1. **Parsing** = build structure (parse tree) from tokens using grammar.
2. **Naive BFS** → explores all possibilities → exponential growth.
3. **Prefix test** → cut branches if they don’t match target string’s prefix.
4. **Leftmost derivation** = always expand the leftmost non-terminal first.
   * Makes search systematic.
5. **BFS + Leftmost + Prefix test** → faster, fewer branches.
6. **Problem**: Some grammars still blow up (too many useless branches).

- **Recursive Descent Parsing**: A top-down parsing method with DFS instead of BFS using recursion. Each non-terminal in the grammar has a function.

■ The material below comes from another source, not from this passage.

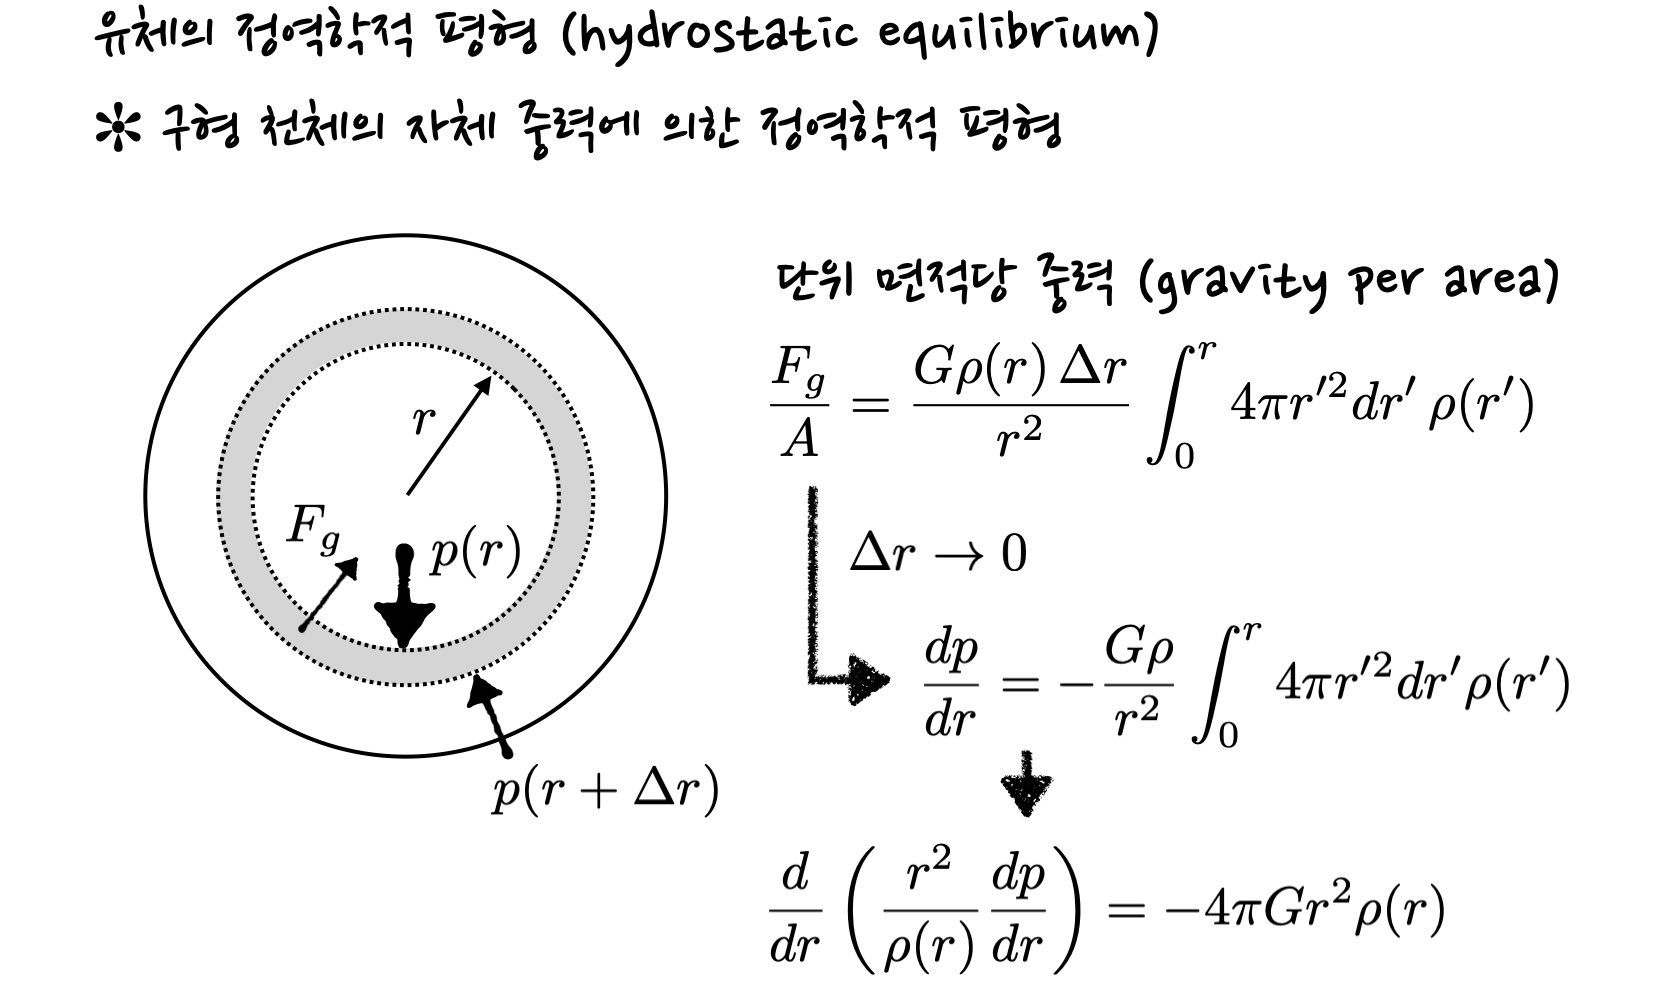 schematics of hydrostatic equilibrium&#44; given by gravitational force of a spherical object filled with fluid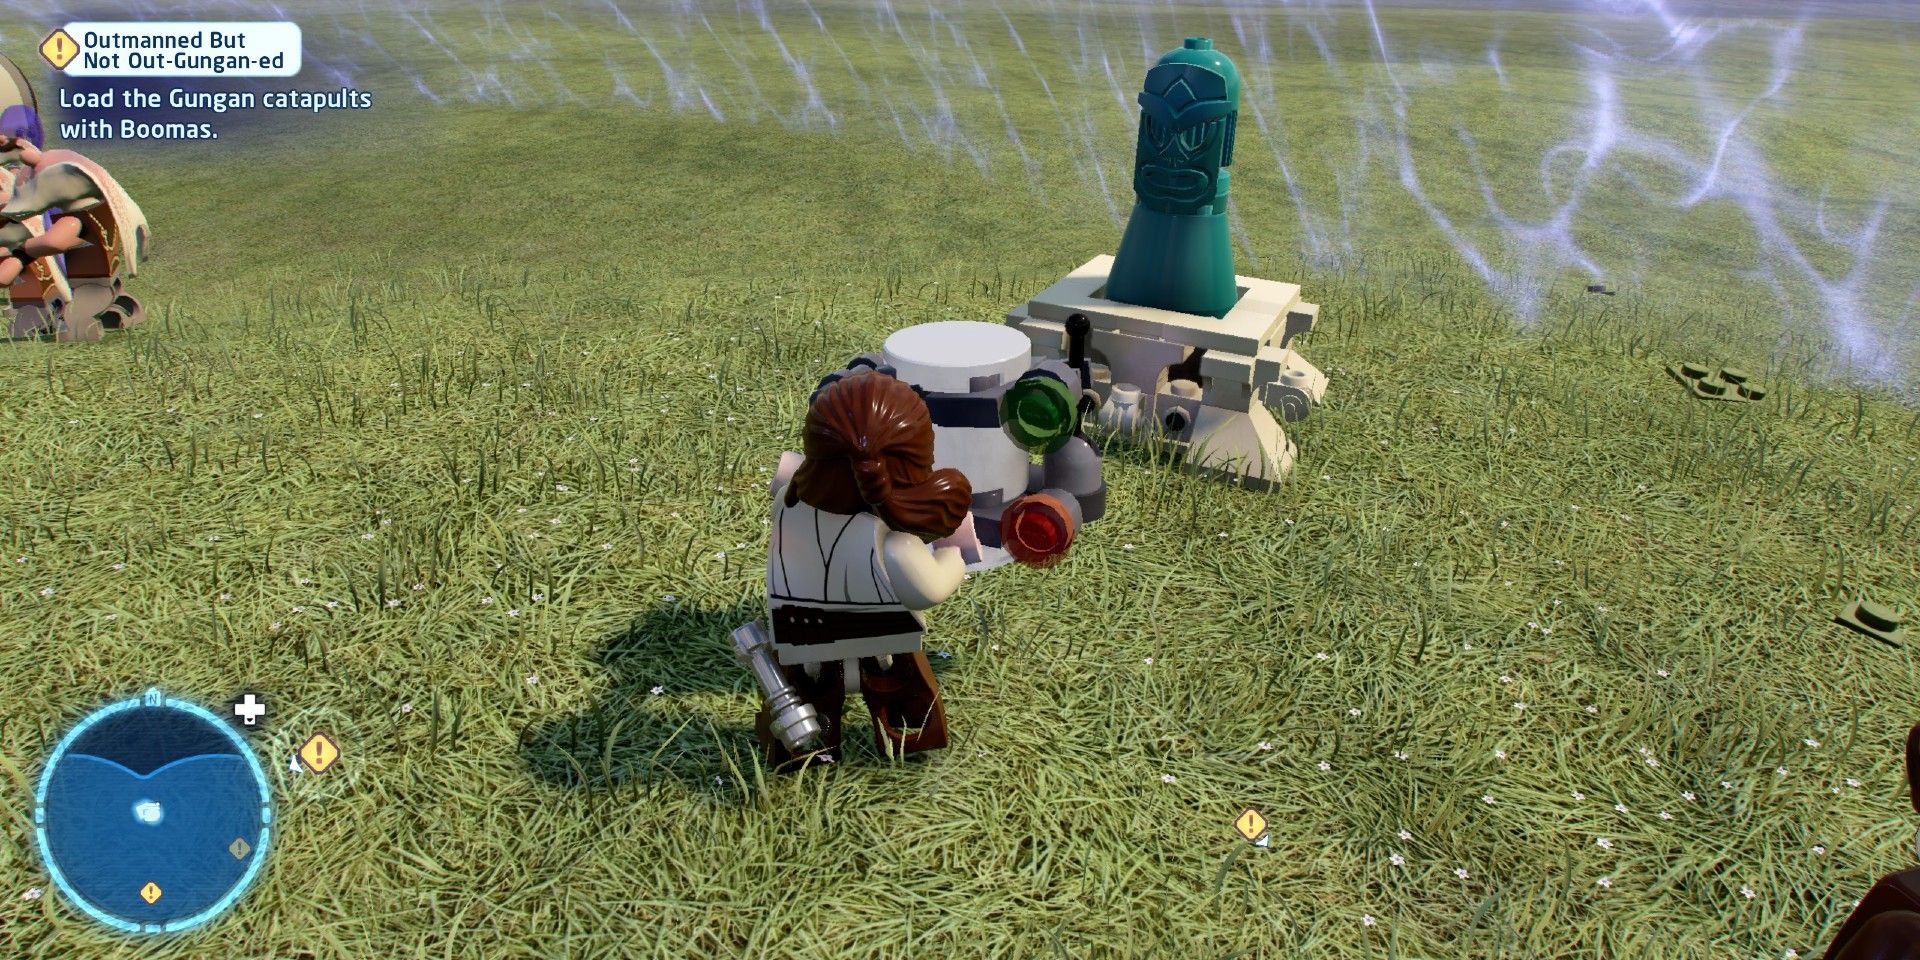 LEGO Star Wars: Outmanned But Not Out-Gungan-Ed Minikits

Each rule is handled by code inside that function.
    - **Problem**: Infinite recursion $\to$ Solution:  **Left recursion**.
- **Left Recursion**: A grammar is left recursive if a non-terminal A can eventually derive a form starting with itself $A ⇒^* Aγ$ where $⇒^*$ means in zero or more steps
    - Direct left recursion: $A ⇒ Aγ$
    - Indirect left recursion: $A ⇒^* Aγ$
    - **Problem**: Left recursion causes infinite recursion in recursive descent parsing.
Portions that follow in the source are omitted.